On l'a appris aujourd'hui : l'Arabie saoudite autorise l'ouverture prochaine de salles de cinéma..

Le prince héritier Mohammed ben Salmane met en marche son plan de réformes économiques et sociales
Le prince héritier Mohammed ben Salmane met en marche son plan de réformes économiques et sociales © AFP / FAYEZ NURELDINE

C'est une première depuis 35 ans ! Depuis 1979 exactement, date à laquelle les dernières salles de cinéma ont été fermées au cour d'une vague de puritanisme dont le royaume wahhabite a le secret. 1979, Cela ne vous rappelle rien ?

C'est l'année de la révolution iranienne. L'année où Khomeini a renversé le régime policier du Shah en l'accusant notamment de corruption des mœurs. En lieu et place d'une monarchie des religieux ont instauré une république, islamique de surcroit !

Un cauchemar pour les Saoudiens qui ont immédiatement réagi comme le « monsieur plus » de la publicité : les Iraniens instaurent une république islamique ? Eh bien, nous ferons encore plus sourcilleux et puritains ! D'où la fermeture des cinémas.

35 ans plus tard, toujours avec la même obsession iranienne en tête, le pouvoir saoudien décide donc d'accorder royalement à son bon peuple ébaubi la grâce de quelques salles de cinéma. Et le monde entier reprend cette nouvelle comme un signe d'ouverture.

D'abord, entrons dans le détail : que pourront voir les Saoudiens dans ces salles – je le prédis d'avance – d'un luxe tapageur. On a déjà une vague idée et regardant tout simplement la liste des films diffusés par la compagnie aérienne nationale.

Par qu'évidemment – hypocrisie quand tu nous tiens – l'interdiction religieuses des salles de cinéma ne s'applique pas aux avions. En résumé : toute la violence que vous voulez mais pas un baiser, pas une épaule dénudée, l'alcool flouté et la promiscuité interdite.
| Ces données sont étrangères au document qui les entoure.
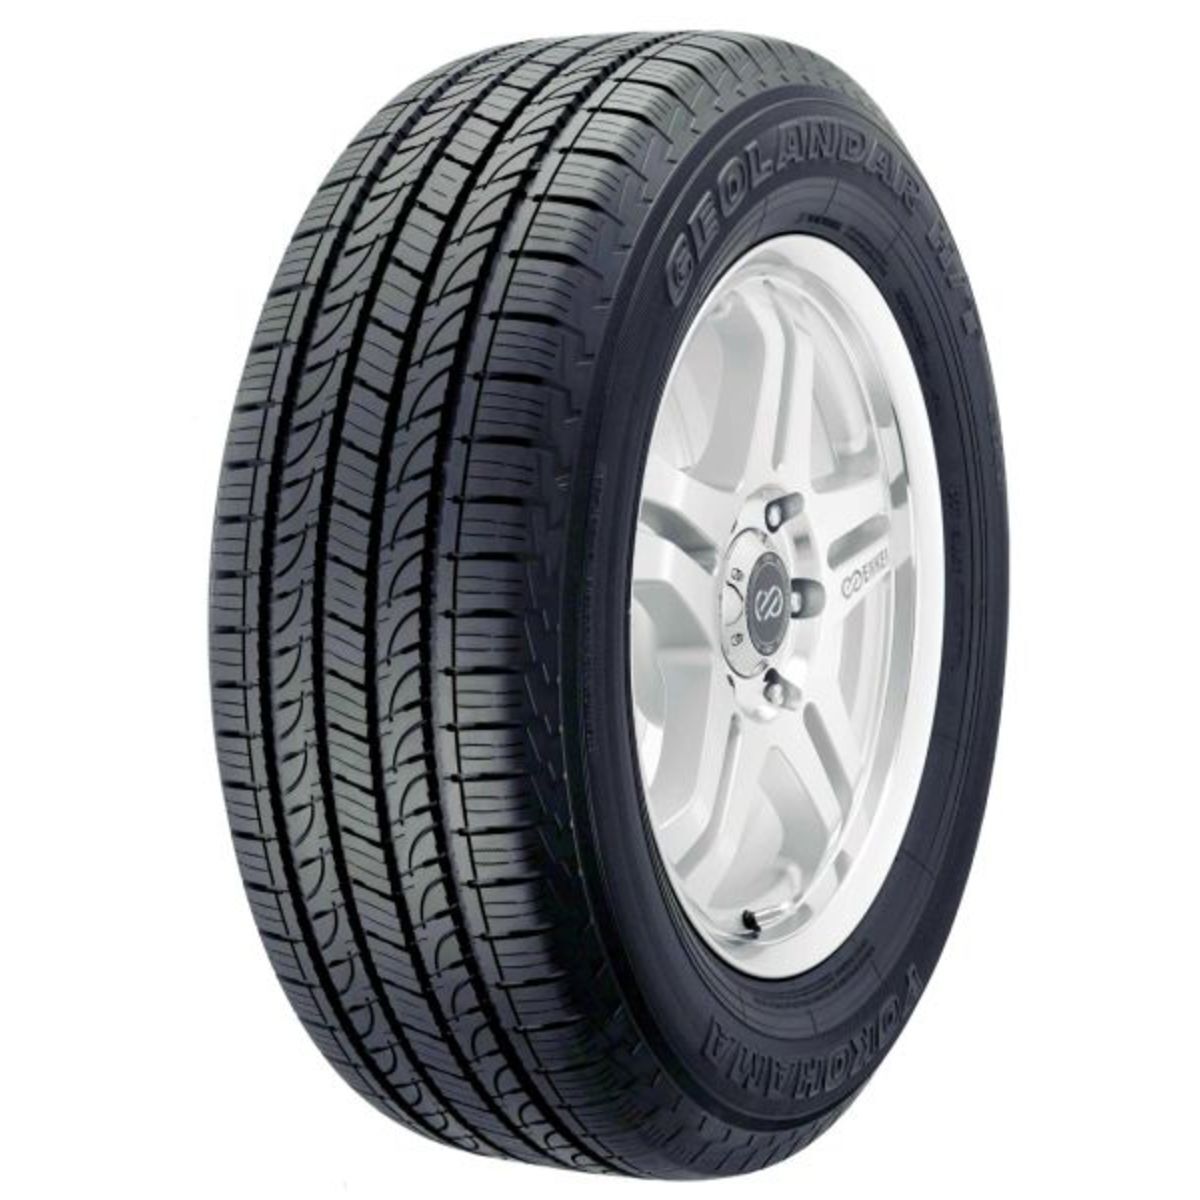 Neumáticos de verano YOKOHAMA Geolandar H/T G056 215/70R15 98H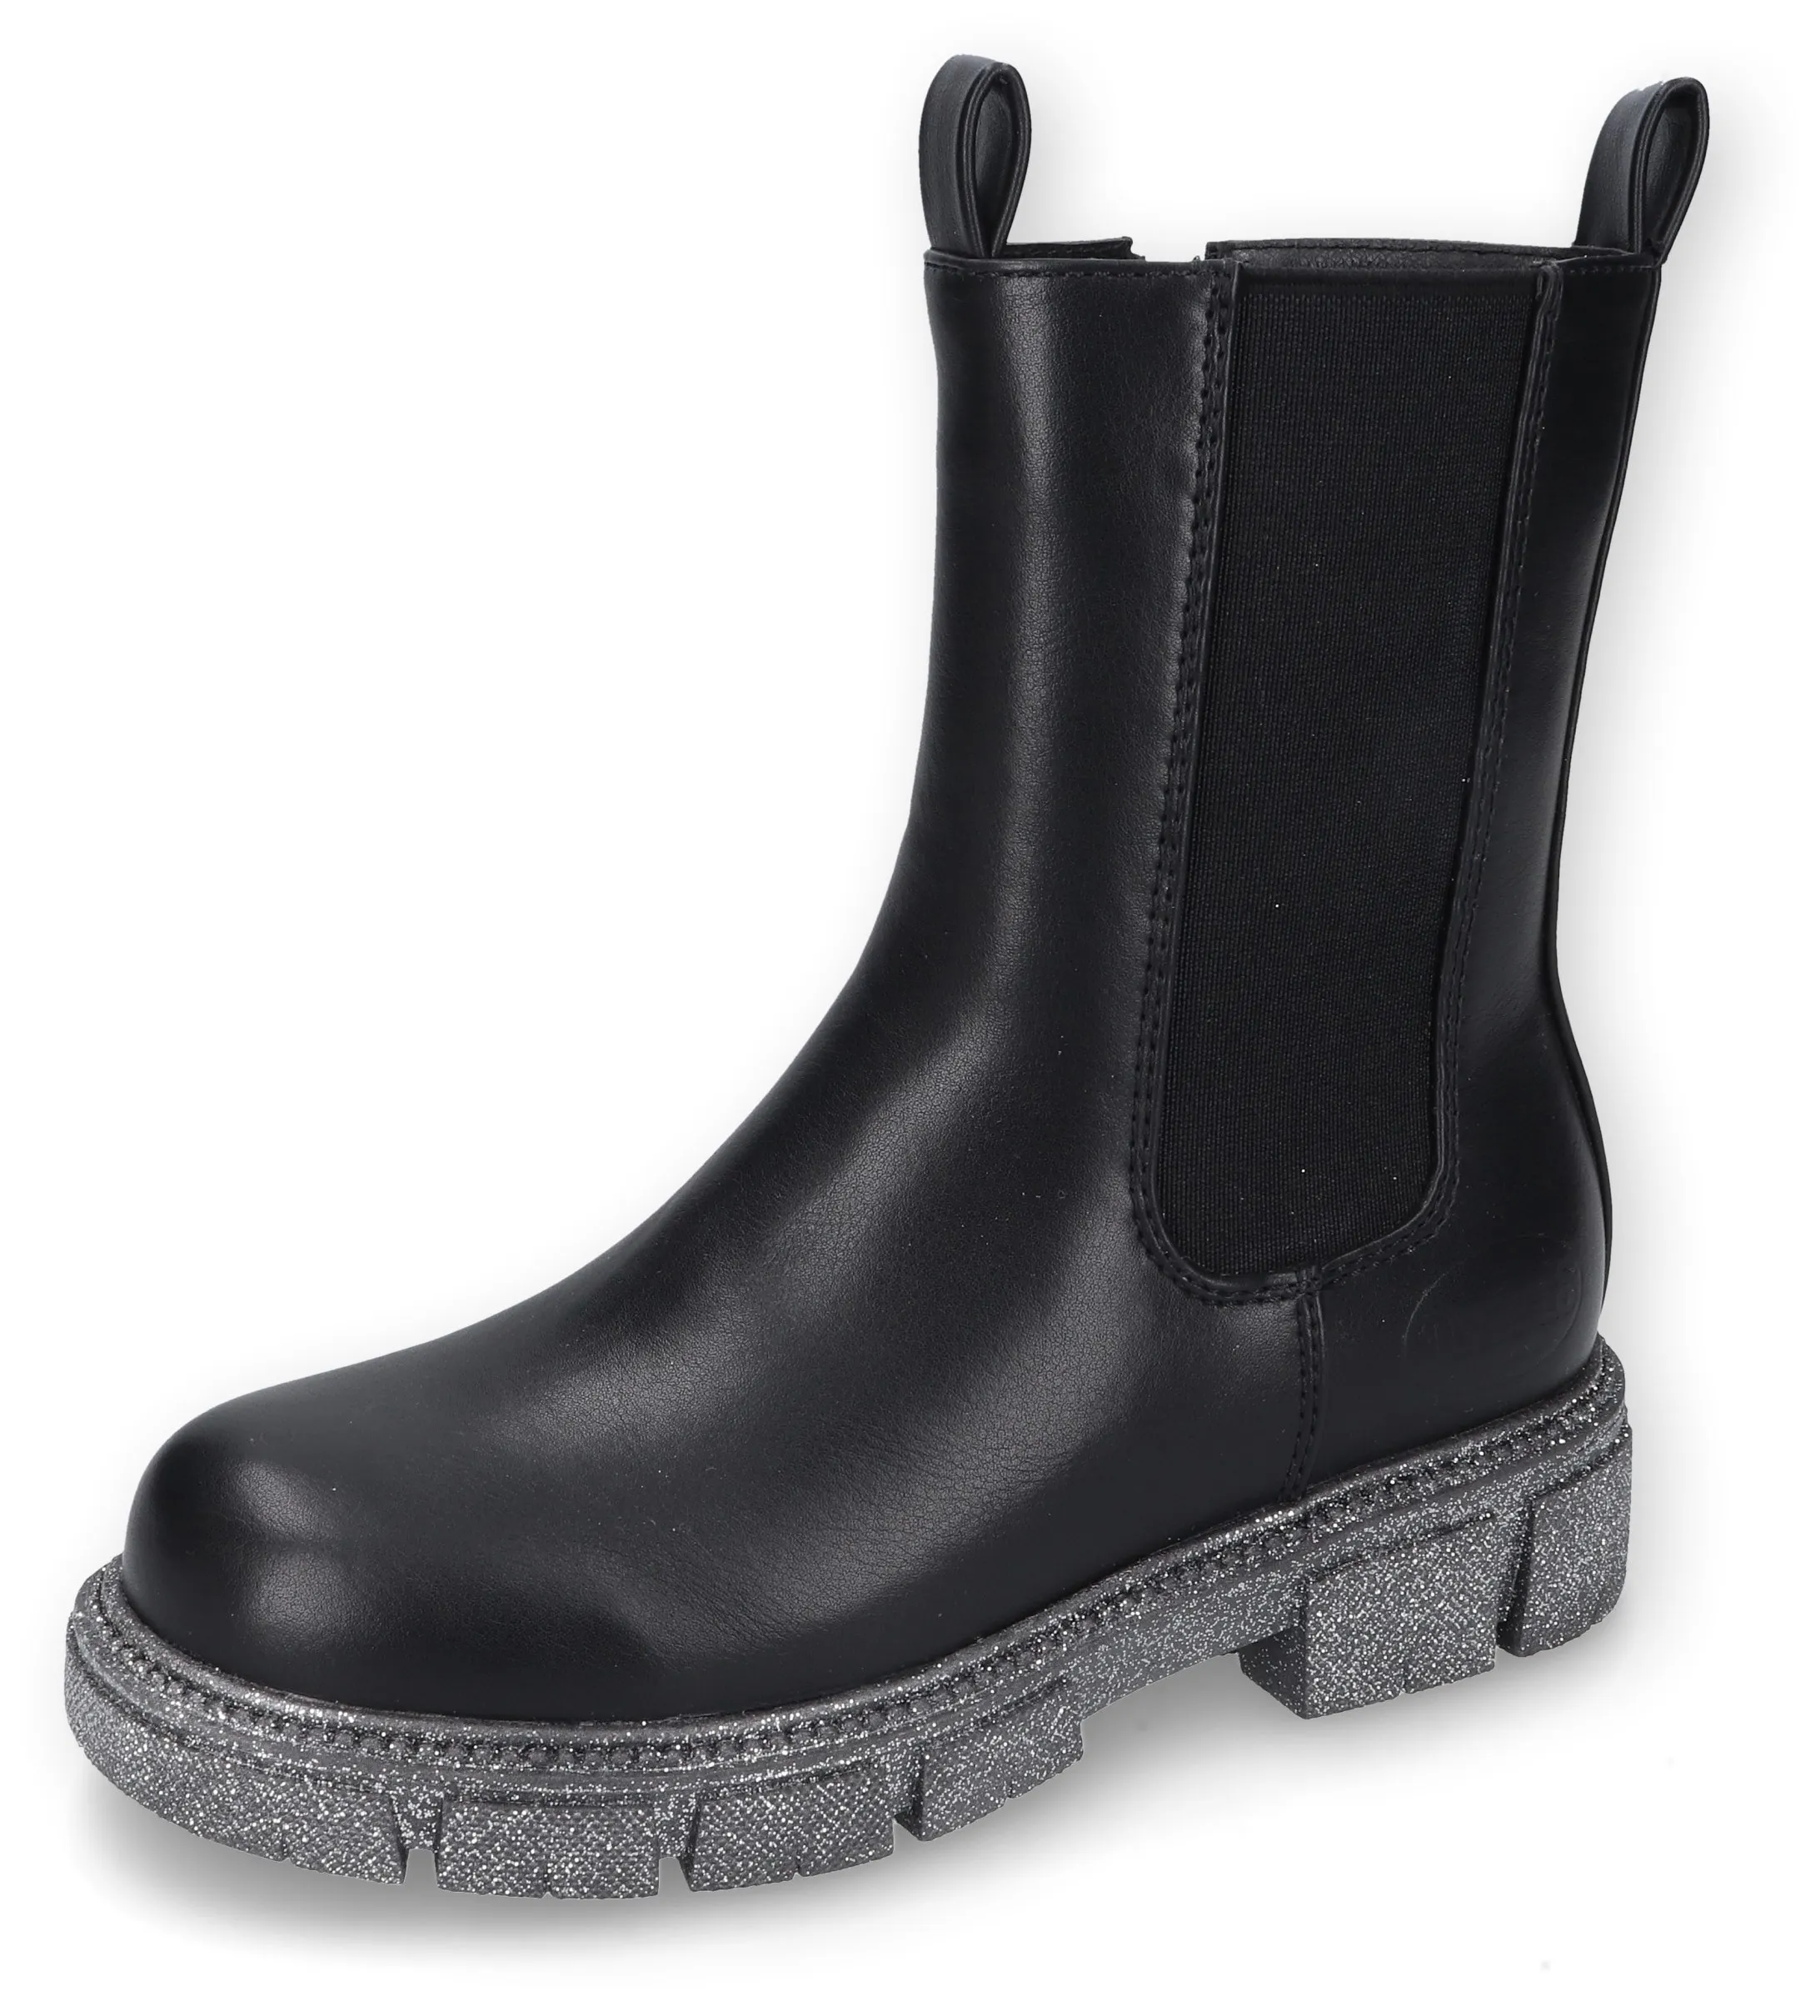 Stiefel DOCKERS BY GERLI Gr. 35, schwarz Kinder Schuhe Stiefel Boots mit cooler Laufsohle

Il reste... Les trois volets de la Planète des Singes par exemple. Autrement dit, les films diffusés par les salles saoudiennes devront passer l'étape redoutable de la censure islamique locale. Il ne va pas rester grand chose, ça aussi je peux le prédire.

D'autant que les Saoudiens sont déjà passés à autre chose : c'est le peuple au monde le plus connecté à Internet et le plus gros utilisateurs de réseaux sociaux. Autant dire qu'ils n'ignorent rien des plateformes internet de cinéma ou tout bêtement du streaming.

En fait, cette annonce a deux buts. Le premier, c'est rabattre le caquet des religieux du pays. Leur rappeler qui décide. Le grand mufti d'Arabie saoudite, il y a quelques mois à peine, avait expliqué que les films commerciaux était une source de « dépravation ».

De plus, le prince héritier Mohammed ben Salman, n'a pas oublié les religieux dans la vague d'arrestations du mois dernier. Y compris des religieux qui réclamaient une plus grande ouverture du régime mais surtout une démocratisation politique.

En clair, le prince héritier fait passer auprès des religieux deux messages : c'est moi qui décide ce qui est halal ou non et restez dans votre domaine, n'allez pas mettre votre nez dans les affaires politiques du royaume.

Enfin, il y a un message à la société saoudienne dans son ensemble : patientez encore un peu, je n'en suis qu'au début. Enfin, un message aux Iraniens : ce qui est moderne se passe de ce côté-ci du golfe persique.. ; Pardon du golfe arabique.

En fait, c'est une vieille histoire que cette volonté de flatter le peuple en lui donnant des os à ronger. C'est même vieux comme l'empire romain : panem et circenses ! Du pain et des jeux... D'un côté, le prince héritier a raison de s'inquiéter :

La population saoudienne est très jeune, très éduquée et très frustrée. De l'autre, je ne suis pas certain que quelques salles de cinéma et quelques permis de conduire accordés aux femmes suffiront à calmer à terme tant de frustration accumulées.